This could sound funny, but yes.. and I did invest more money now. I wanted the best.
Before I bought just..something. Now, I want to glow. I want to treat me better.
Same with clothes. I think more, what I want to wear and what is my style. I havent thought those in a long time.
Do I like this, or that. How do I see me? I´m interested in me. That´s a good thing, and new also.
I was listening one webinar yesterday, and there was this life coach.. or more like woman, who´s studied human behavior. Body language, how does our body react in stress or in good things. Well, I cant explain that, sorry! But she is expert what comes our bodies.
She told, in that webinar, that when she lost kilos, she did bought new clothes..and make up. Like appreciating her, as a woman more. I think, that I´m doing that now too.
I truly was thinking, why on earth I want some things more than before. Then I thought that I was sort of losing it ;)
But no, I´m not. I´m acting totally normal now. I havent paid too much interested to me in so many years..now I´m doing that. Is that meaning, that I am appreciating me... finally?
That could be the story.
I have tried some clothes from my wardrobe, just to see what I like and what is totally no no. Amazing, that there is those no no- clothes a lot. I think, that I didnt really think, what I was wearing. As long as those were fitting me, I was happy. Now I need more.

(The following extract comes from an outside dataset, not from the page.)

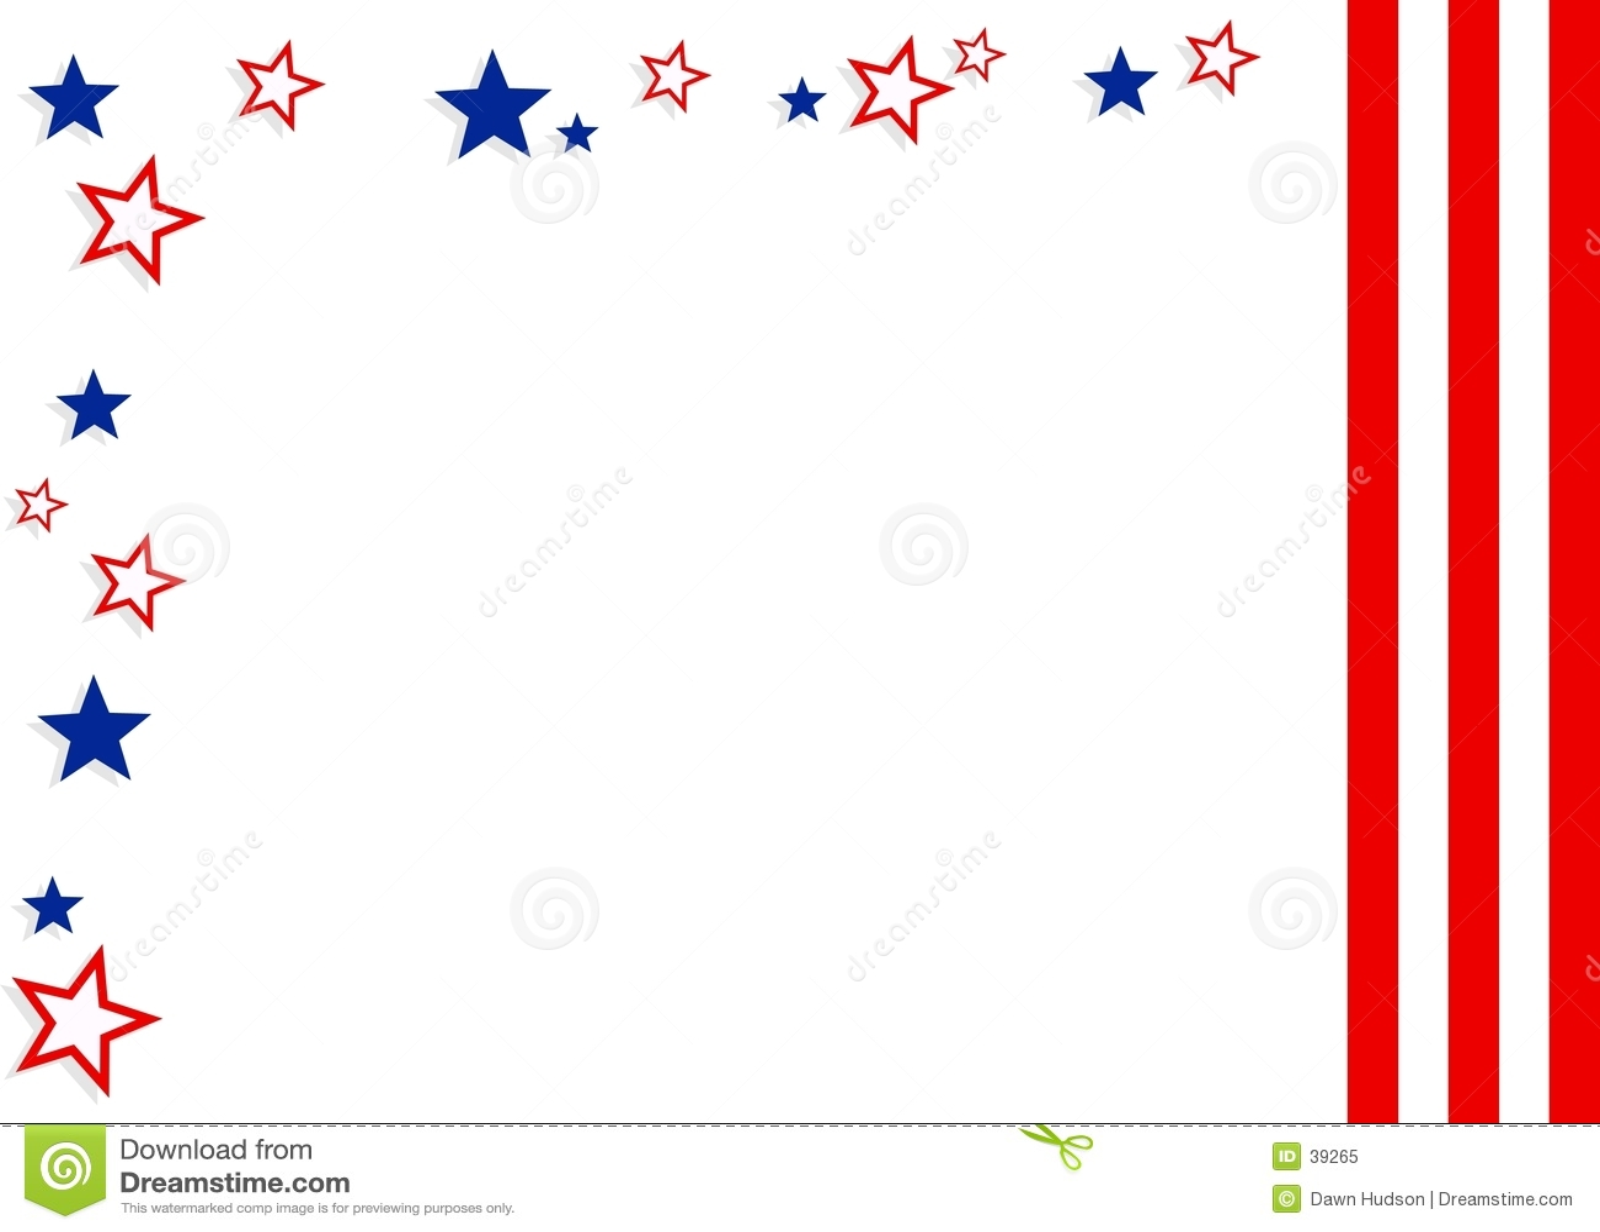 patriotic background stock illustration illustration of graphics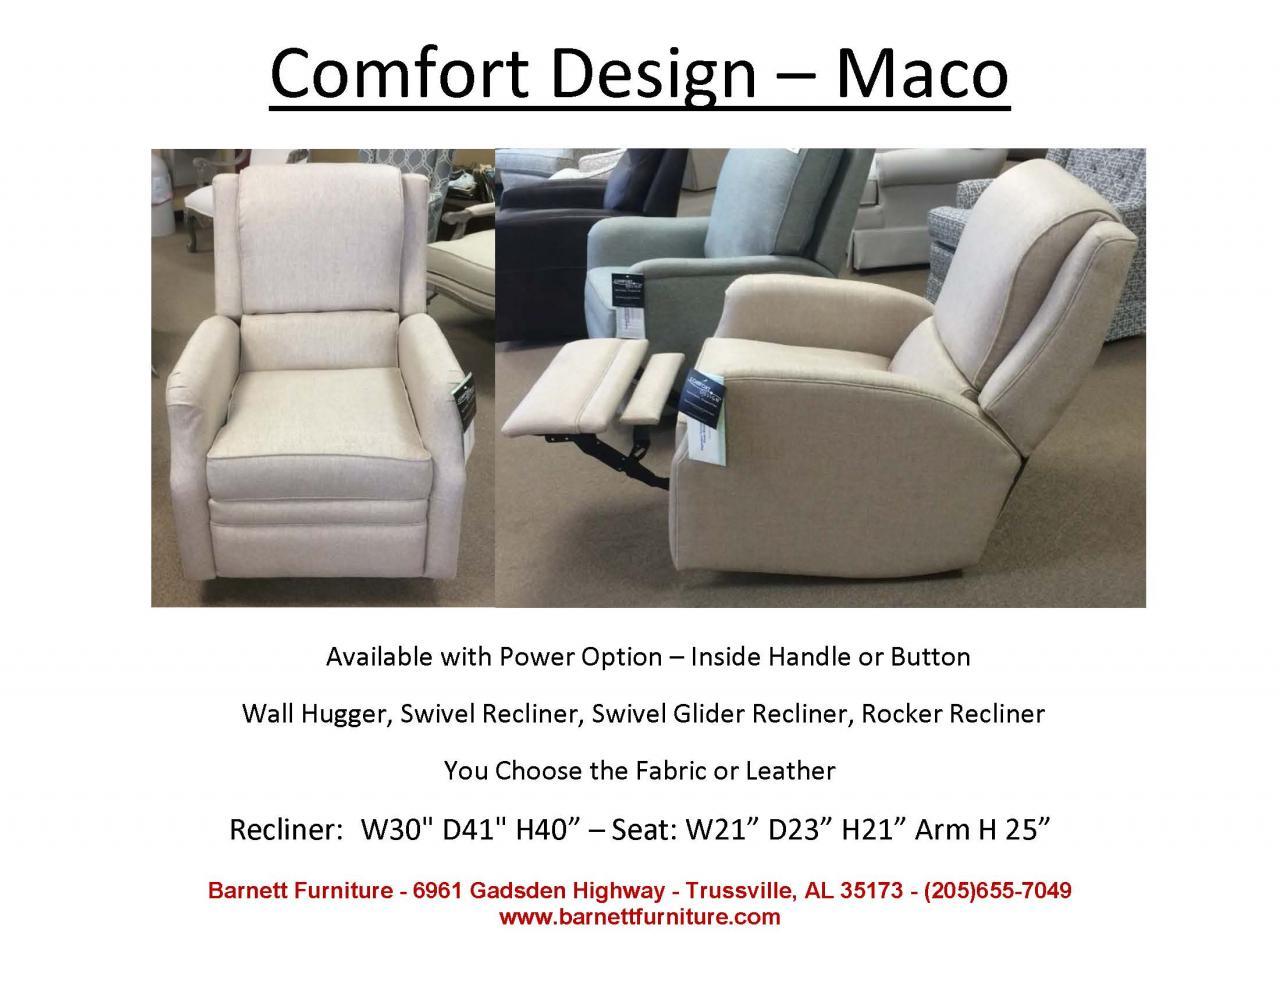 Comfort Design Maco Recliner

This is great feeling, to seek me again but as a woman. Not as that young girl as I was. Now I´m stronger, and now I´m more me. And that is coming out, louder now.
I do like this feeling, I do like to be in control in my own life. Taking my time to really think, what is my thing in life, my style, my own thoughts. Not what someone else tells me to like.
These are some pictures, what I have put to Instagram. I actually thought, what I love and bought those. And now I´m happy to use those. Treating me as good as I can... :)
More make up, what I thought carefully...more like planned, not just bought some random items.
Last pieces from my make up puzzle, lipstick and some skincare.. now I´m happy.
This was more like journey to me. That this was, all those new things. Being sure, what I want.
That...it is new, too...being sure. But I am. And that feels good. These are those small/big steps in life.